24 245
Bepalingen met betrekking tot de militaire dienstplicht alsmede wijziging van enige wetten en overgangsrecht (Kaderwet dienstplicht)

nr. 7
NOTA VAN WIJZIGING

Ontvangen 28 november 1995

Het voorstel van wet wordt als volgt gewijzigd:

A

In artikel 3, eerste lid, wordt «1 januari» vervangen door: 1 februari.

B

In artikel 15 worden na de eerste volzin twee nieuwe volzinnen toegevoegd, luidende:

De krachtens de eerste volzin vastgestelde algemene maatregel van bestuur treedt niet eerder in werking dan acht weken na de datum van uitgifte van het Staatsblad waarin hij is geplaatst. Van de plaatsing wordt onverwijld mededeling gedaan aan de beide kamers der Staten-Generaal.

C

Na artikel 48 worden de nieuwe artikelen 48a tot en met 48d ingevoegd, luidende:

Artikel 48a. Aanpassing artikel 18, eerste lid, in verband met Invoeringswet Coördinatiewet uitzonderingstoestanden

Indien het bij koninklijke boodschap van 29 juli 1994 ingediende voorstel van wet tot aanpassing van de noodwetgeving aan de Coördinatiewet uitzonderingstoestanden en nieuwe regels ter harmonisatie van de terminologie voor buitengewone omstandigheden waarin noodwetgeving kan worden toegepast en de procedures volgens welke een uitzonderingstoestand in werking wordt gesteld (Invoeringswet Coördinatiewet uitzonderingstoestanden; kamerstukken II 1993/94, 23 791) tot wet wordt verheven en in werking is getreden op het moment dat paragraaf 2 van hoofdstuk 5 van deze wet in werking treedt, komt artikel 18, eerste lid, te luiden:

1. Onverminderd de artikelen 7, eerste lid, en 8, eerste lid, van de Coördinatiewet uitzonderingstoestanden kan, ingeval buitengewone omstandigheden dit noodzakelijk maken, bij koninklijk besluit, op voordracht van Onze Minister-President, artikel 17, eerste lid, in werking worden gesteld.

Artikel 48b.
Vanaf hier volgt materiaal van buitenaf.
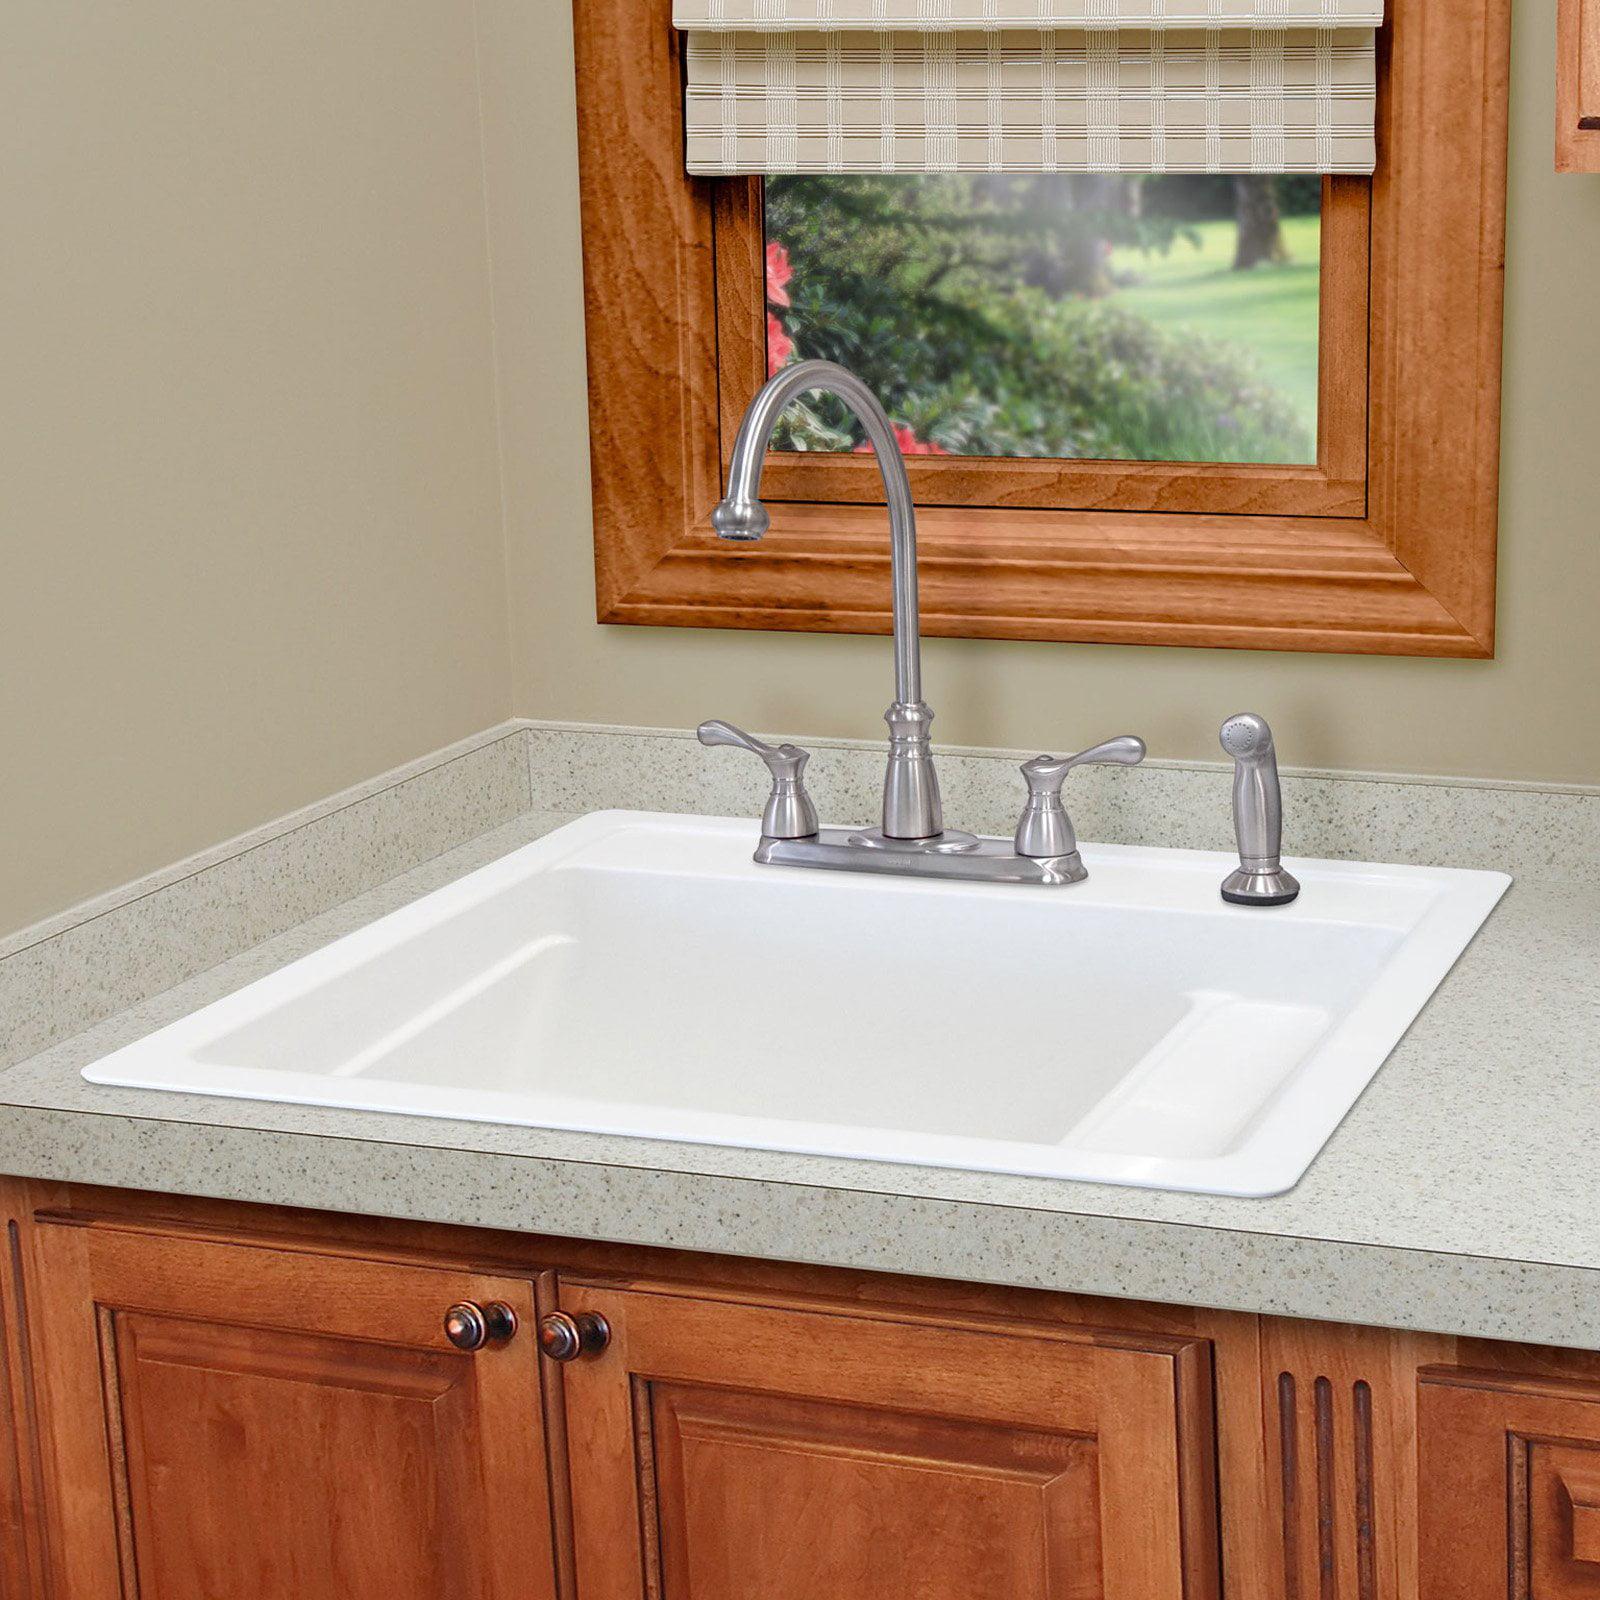 Mustee Vector 25 Single Basin Drop In Utility Sink

Wijziging Coördinatiewet uitzonderingstoestanden

Indien het bij koninklijke boodschap van 29 juli 1994 ingediende voorstel van wet houdende regeling met betrekking tot uitzonderingstoestanden (Coördinatiewet uitzonderingstoestanden; kamerstukken II 1993/94, 23 790) tot wet wordt verheven en in werking is getreden op het moment dat paragraaf 2 van hoofdstuk 5 van deze wet in werking treedt, wordt in de bij de Coördinatiewet uitzonderingstoestanden behorende lijsten A en B «van de Dienstplichtwet: de artikelen 30a, eerste lid, en 43;» vervangen door: van de Kaderwet dienstplicht: artikel 17, eerste lid.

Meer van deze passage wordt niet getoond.